Eating — I do not practice mindful eating during lunch and dinner.  My family thinks mealtime is a time to bond and so talking is what I do a lot.  Sometimes, I chew my food until it is almost liquid and similar to blended (except it is my teeth that blend, not a blender) then eat my food.  So any food taste good to me –even food with no salt and food with too much salt.  It is funny, the meditation group in my city wants to have a session where everyone brings chocolate and we do a mindful eating of the chocolate before Valentine’s Day.  Either they will not be able to do it, or they have a very vague idea of what mindful eating is.  My ideal would be to follow the sangha in most Theravada monastery and eat only once a day.  Actually, Chinese Mahayanists also follow that and they called it 八关斋戒。



Exothermic and Endothermic Reactions

My daughter having her Science class virtually at the lunch table at home:

Papa, sometimes I am so embarrassed when you are here hearing my Science teacher explaining, she sounds so cheesy.

I asked her if she understood the meaning of those words.  And then I asked her if her virtual classmates also understood.  She then gave it a long thought.

As a matter of fact, I have high respect for her acting that way.  Your teacher sounded cheesy, because she knew some of the students needed this act so that it will get into their brains, their consciousness, more easily.

She understood everything within seconds after the teacher explained.
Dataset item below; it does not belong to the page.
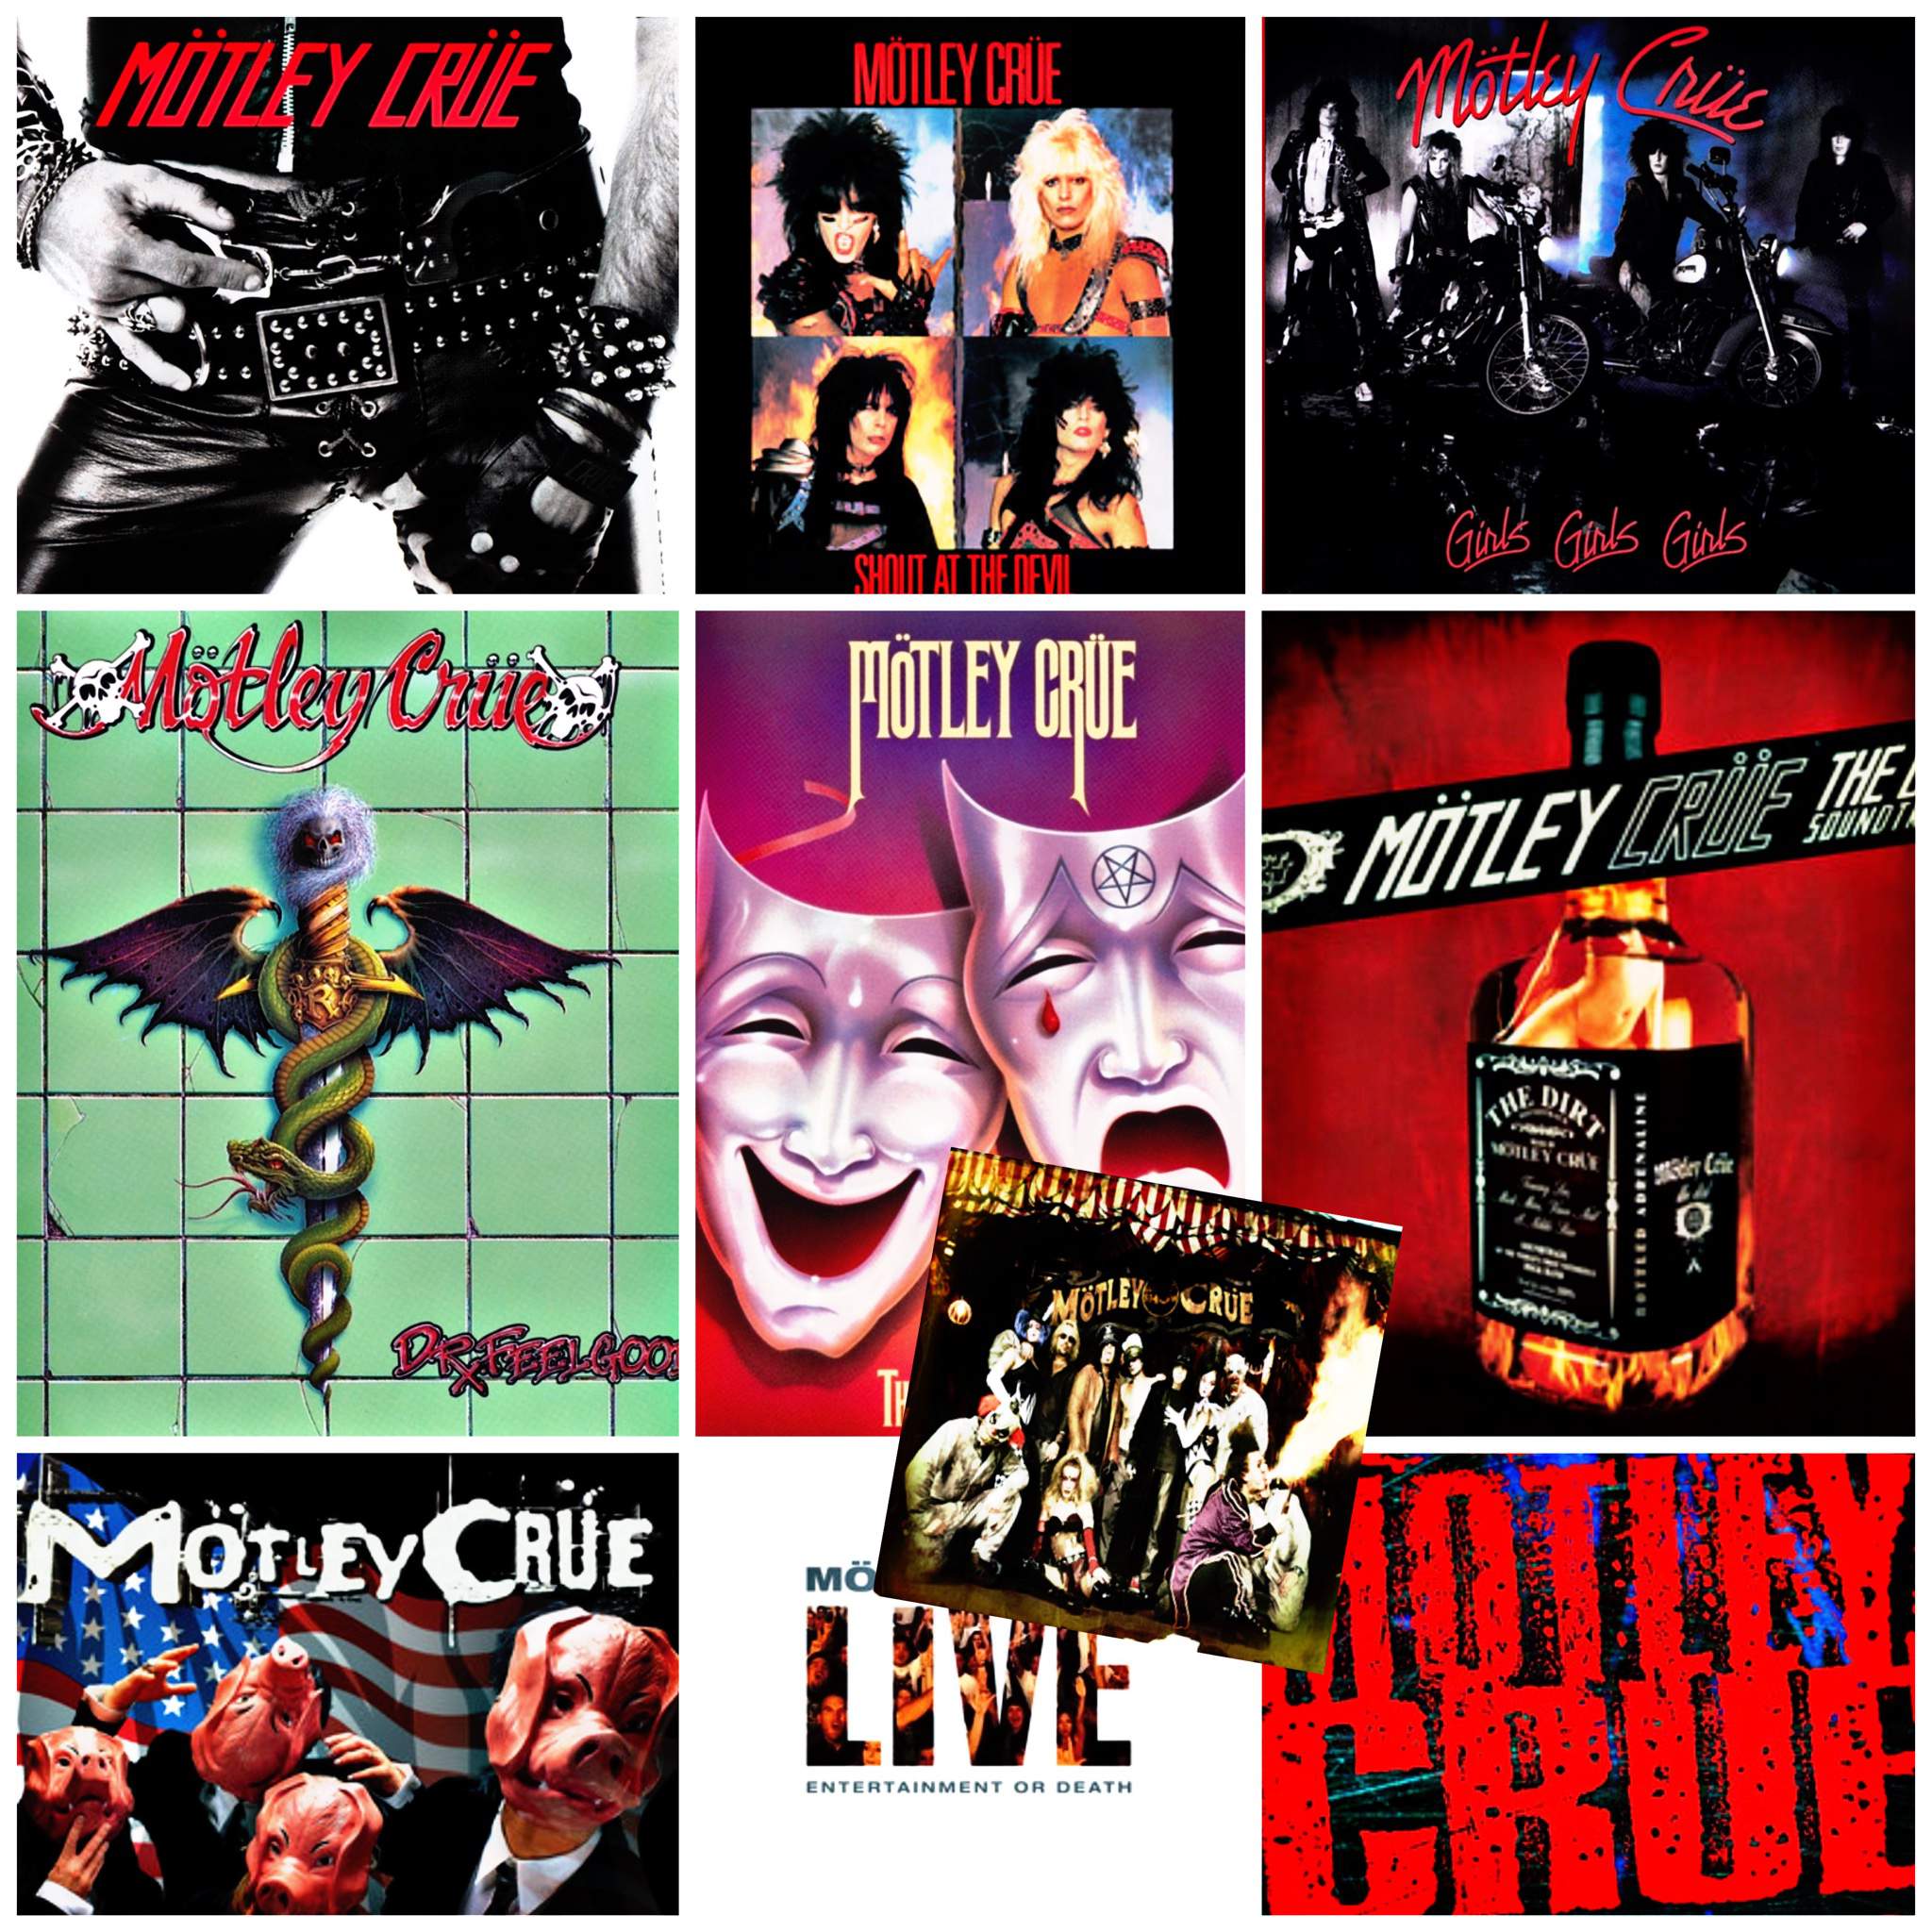 Mötley Crüe. TOP 3

She is the “举一反三”-- kind of student, and I am sure she is not just stuck on those two jargons (“exothermic” and “endothermic”), because her language and Latin knowledge skills is far beyond mine, even though she jumped one grade and is the youngest in her class.


I said that because I tested her later.    This is only 7th grade Science. She could explain why there is a need to “bond” between sodium (Na) and the other atoms, Cl, she could give me another example by picking “Mg” and “S”.  And of course the words “exo” and “endo” are just mere words to describe what is happening in this chemical reactions.

I think I have little or no worries in her studies and I am so sure, I think this will go on forever.  When she was younger, and it was time to for me to teach her Math, I would suggest closing all the books and go for a walk in the park or around the neighbourhood.  This walk usually lasted 30 mins to an hour.  Knowing that she is strong in words and language, we would verbally engaged in the topic of the day, until, she would re-discover the Math topic for that day, or upon me telling her the answer, she would bombard me with 20 more; either to clarify or to straighten up some new questions that arises in her.

I would not say her Math is good, I do not see her as good as I was when I was in Primary six or secondary school.  But this method of teaching her, forced her not to use short cut in learning– that is, through understanding and through asking more questions.  So far, she has never had to memorize anything, because remembering everything after the end of discussion, is a mere by-product of all these intense discussion.

Again, I always tell her uncles/aunts and cousins in Indonesia that she is far from “smart” and the only thing we should avoid in learning is ” 不要在文字上转牛角尖了,要真懂,要觉悟”, (“quit memorizing and getting caught up in jargons and words, work on real understanding and real construct of the actual thing you are learning”).

The trade-off is:  learning is very slow (and for some painful and tedious), but I always ended up with a diligent daughter who continued with her curiosity and learning way after class is over.